Yup, normally, the message i pass is a single integer representing an app-specific command/notification constant . Then, I have sharable bytearrays constisting of values and parameters. (eg. mainToWorkerParams, workerToMainPayload, workerToMainParams) which contains the bulk of the info. All the bulk is passed accordingly. However, I’m still currently passing an integer to signify the request type, (because i’m lazy to create multiple message channels even though I should…). Your benchmark is for the entire roundtrip right which includes multiple mainToWorker.send() calls? Can you do a single benchmark where mainToWorker only sends a single integer (or a single vector array of numbers) instead of using multiple mainToWorker.send() calls? I dunno, but multiple send() calls also seem to trigger the handler multiple times (dunno why..). What about a single call to mainToWorker.send() but using a vector/array of numbers instead? Normally, I only resort to sending a single integer value. In such a case, is the performance difference really that big?

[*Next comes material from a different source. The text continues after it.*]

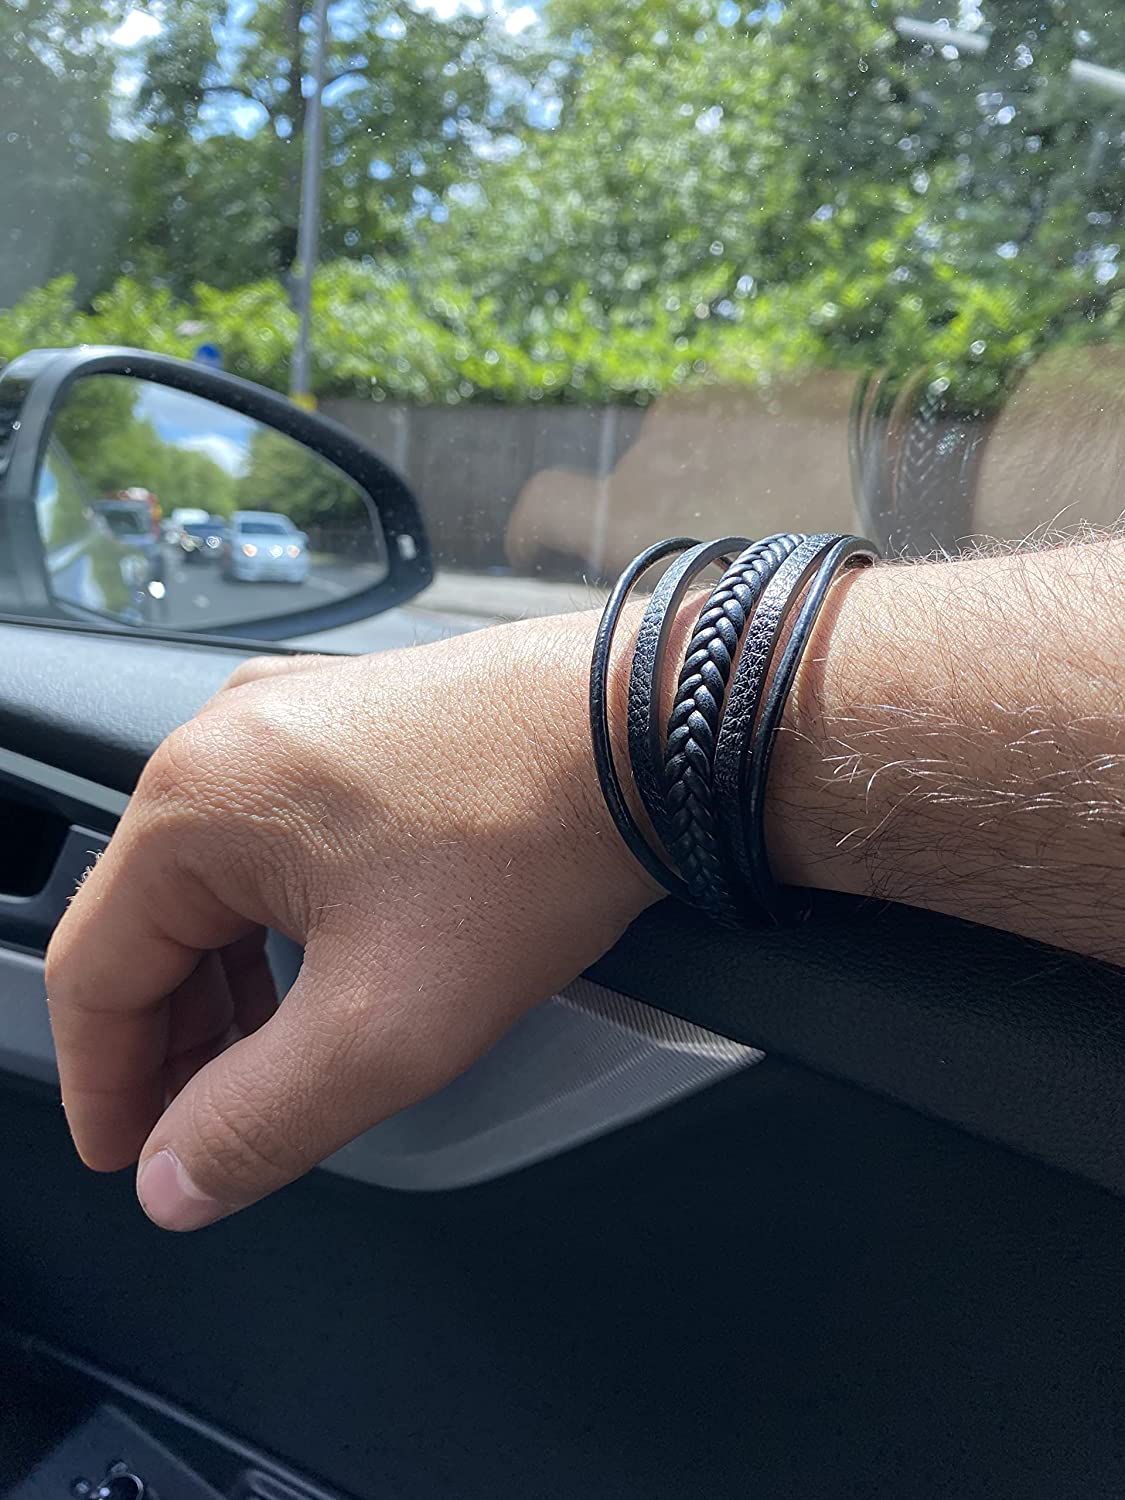 leather bracelet men

Is channel.send(sharableByteArray) really necessary since the main/worker already saves their own copy of the bytearray in their relavant domain? You seem to pass a pointer to the sharableByteArray, can you just send a single dummy integer instead, assuming you already saved the references to the shared bytearrays already from both domains (primordial vs worker)? https://github.com/Glidias/Asharena/blob/master/src/arena/systems/islands/IslandChannels.as
In this case, I never use channel.send(sharedByteArray), since the shared bytearray references is already stored in this class holder which i instantiate on both ends. I assume sending a single pointer to the sharable bytearray or a dummy/notification-code integer should have not much difference in terms of performance.

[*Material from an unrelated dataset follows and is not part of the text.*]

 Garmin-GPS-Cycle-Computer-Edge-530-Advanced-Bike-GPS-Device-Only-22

One thing I realised/to take note (from my tests..i think…), is the sharable bytearray.position pointer seems different (ie. unshared) across the worker/main domains. I assume (based on my tests) that the .length getter/setter should be shared/affective across all domains, though, since it affects the bytearray data directly, but the position pointer ( and perhaps some other properties), may be domain-specific? I find myself having to reset the position pointer manually at different domains. Thus, it isn’t really a sharable Bytearray as in sharing the exact same reference???, but most probably sharing the same reference to the bytes in memory? Maybe i should do a strict equality check between the bytearray instances with receive() under Main versus the one in setSharedProperty() by main() to see if it matches (perhaps, for the case of using receive(), it will be a matching strict equality with matching position pointer??).

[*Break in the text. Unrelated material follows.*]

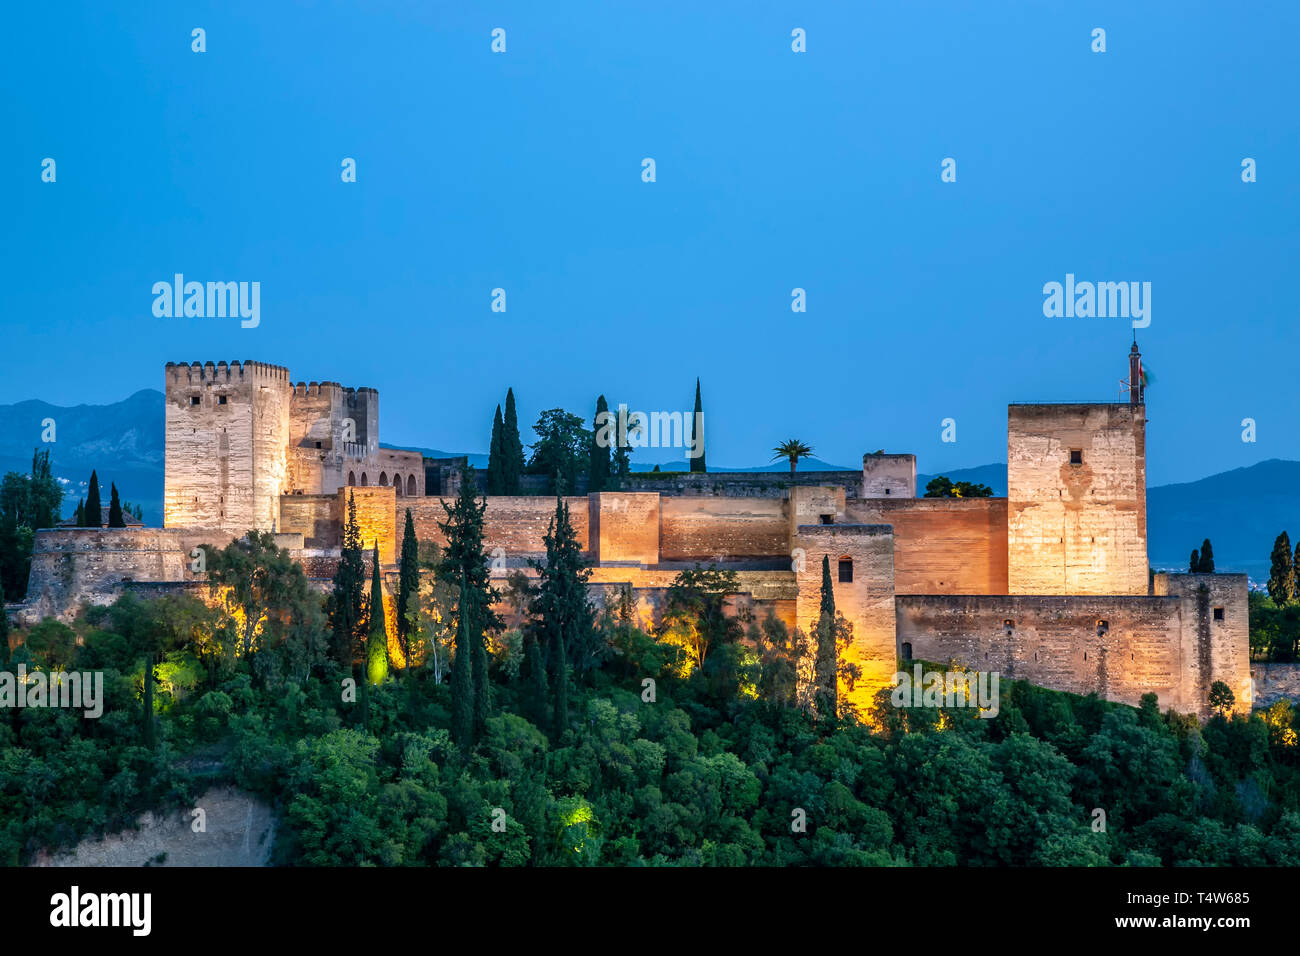 Alcazaba (castle), The Alhambra, Granada, Spain Stock Photo

- #4 by jackson on November 4th, 2013
  
  Since each send()/receive() pair is so fast, the test app in the article does 100,000 of them. You can then average the time by simply dividing by 100,000 to get a per-pair time. So the “direct” version is taking 0.02359 milliseconds per pair. That’s pretty quick if you’re only using one message per frame, which MessageChannel requires.
  
  Check out the followup article for more discussion of sharing directly via setSharedProperty. The article after that discusses an even faster way that also directly uses setSharedProperty. These should serve as viable alternatives to directly passing a ByteArray via send() and receive() on a MessageChannel.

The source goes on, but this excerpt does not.